Of course, this order isn’t the only secure configuration; there are schematics in which a secure system can result from encrypting first, then authenticating, second, as well. This approach just happens to appropriately satisfy our design strategy under the Horton Principle and the concept that abuse to authentication, or the lack thereof, is more important to our model of a generic secure channel; it satisfies this with the simplistic security we desire in any design. Realistically, this isn’t necessarily a one-size-fits-all hat; it takes assessment of a system, at the nitty-gritty level, to arrive at a reasonable sense of where authentication fits into your threat model. Don’t be afraid to be conservative, a little paranoid, and take into consideration even what may seem to be only a remotely practical threat. But, as far as threat models go, I’ll open that can of worms later [in another article]; it’s the precursor to the design phase.
Looking at things from the opposite angle
Having said that, I’m going to turn completely around and briefly suggest a defense for the case of encrypting first, then authenticating, second. That’s right. Ready? Alright, these following terms correlate to cryptanalytical theory that is far beyond the scope of this article, but they will prove to be invaluable to any academics who may peruse through this and find themselves fiending for a more extensive portrayal of the subject matter. As such, given the constraints of this article, and the general audience, I won’t actually provide the mathematical foundation; that’s up to the reader to explore further, and I’ll be more than glad to assist them in doing so.

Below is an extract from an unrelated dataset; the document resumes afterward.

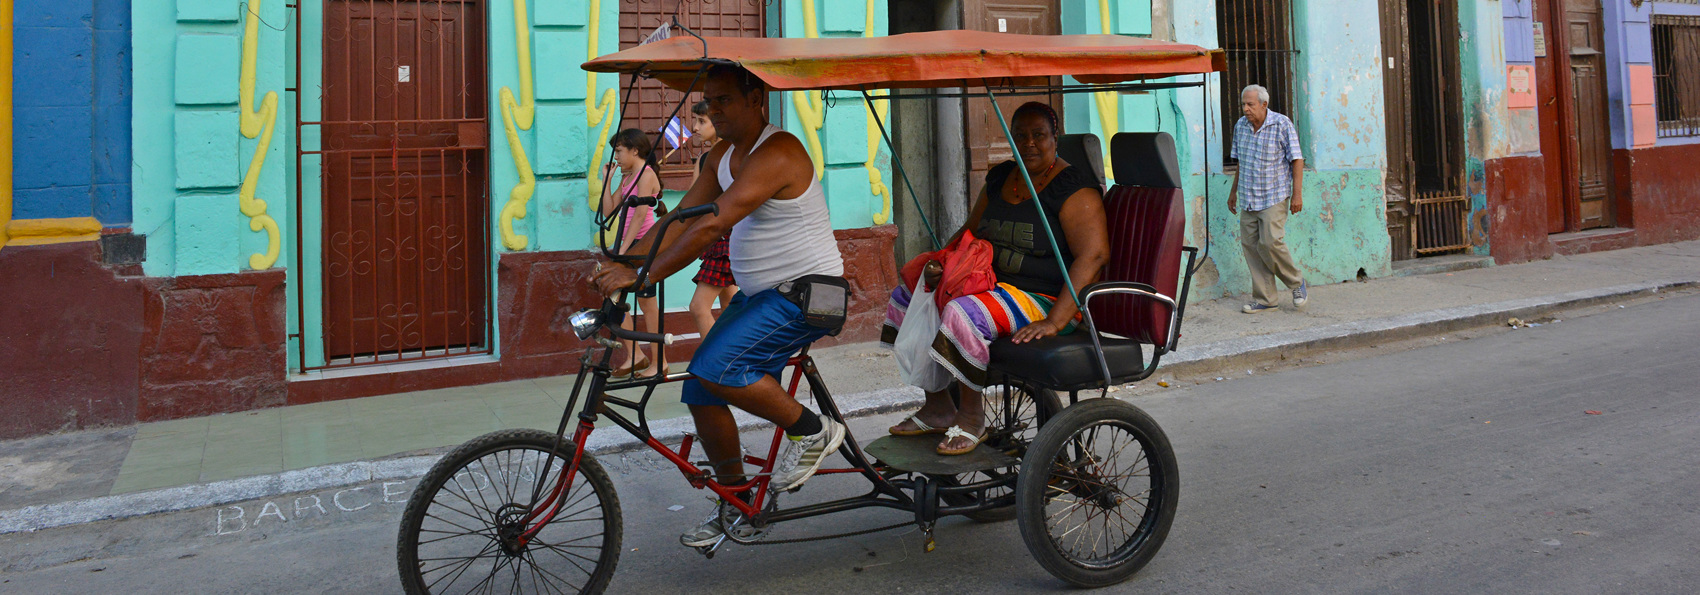 cuba - havana cykeltaxa

Compositions and notions of security
So, without further ado, let’s lay these terms on the table. There are three compositions for encryption and authentication that are usually referenced: Authenticate-then-Encrypt (AtE), Encrypt-then-Authenticate (EtA), and Encrypt-and-Authenticate (E&A). I’m only going to focus on the first two: AtE and EtA, where the former is what we’ve already discussed in the bulk of this article, and the latter is a composition that, in many cases that I’ve encountered while analyzing a system, is the more responsible choice. Yes, I’ve spent the majority of this article advocating the principles behind AtE, and now, at the end, I’m suggesting that EtA is often the better, more simplistic, choice.
With AtE, you must be extra-meticulous, as there are fragilities that aren’t forgiving, and even the most subtle of changes can shift the scheme from secure to insecure. Remember, however, to be meticulous when instantiating an authentication scheme; that’s a given – with either AtE or EtA. Both compositions can be made secure and insecure; this has been demonstrated in practice. In the end, you may find that EtA is often the simpler choice, and makes a decent, de facto, default composition for newly deployed systems. In fact, a responsible suggestion, in my opinion, based on research results, is to authenticate the ciphertext of an IND-CPA secure encryption scheme, with a SUF-CMA MAC; this renders IND-CCA2 security and achieves INT-CTXT, which are desirable properties. (Also, consider relationships between notions of security, such as implications between indistinguishability and non-malleability, for example.)
While this is just one opinionated philosophy, there is one echo emanating from every approach to designing a secure channel – you need both confidentiality and integrity. If you find yourself habitually applying authentication wherever encryption exists, then hats off to you.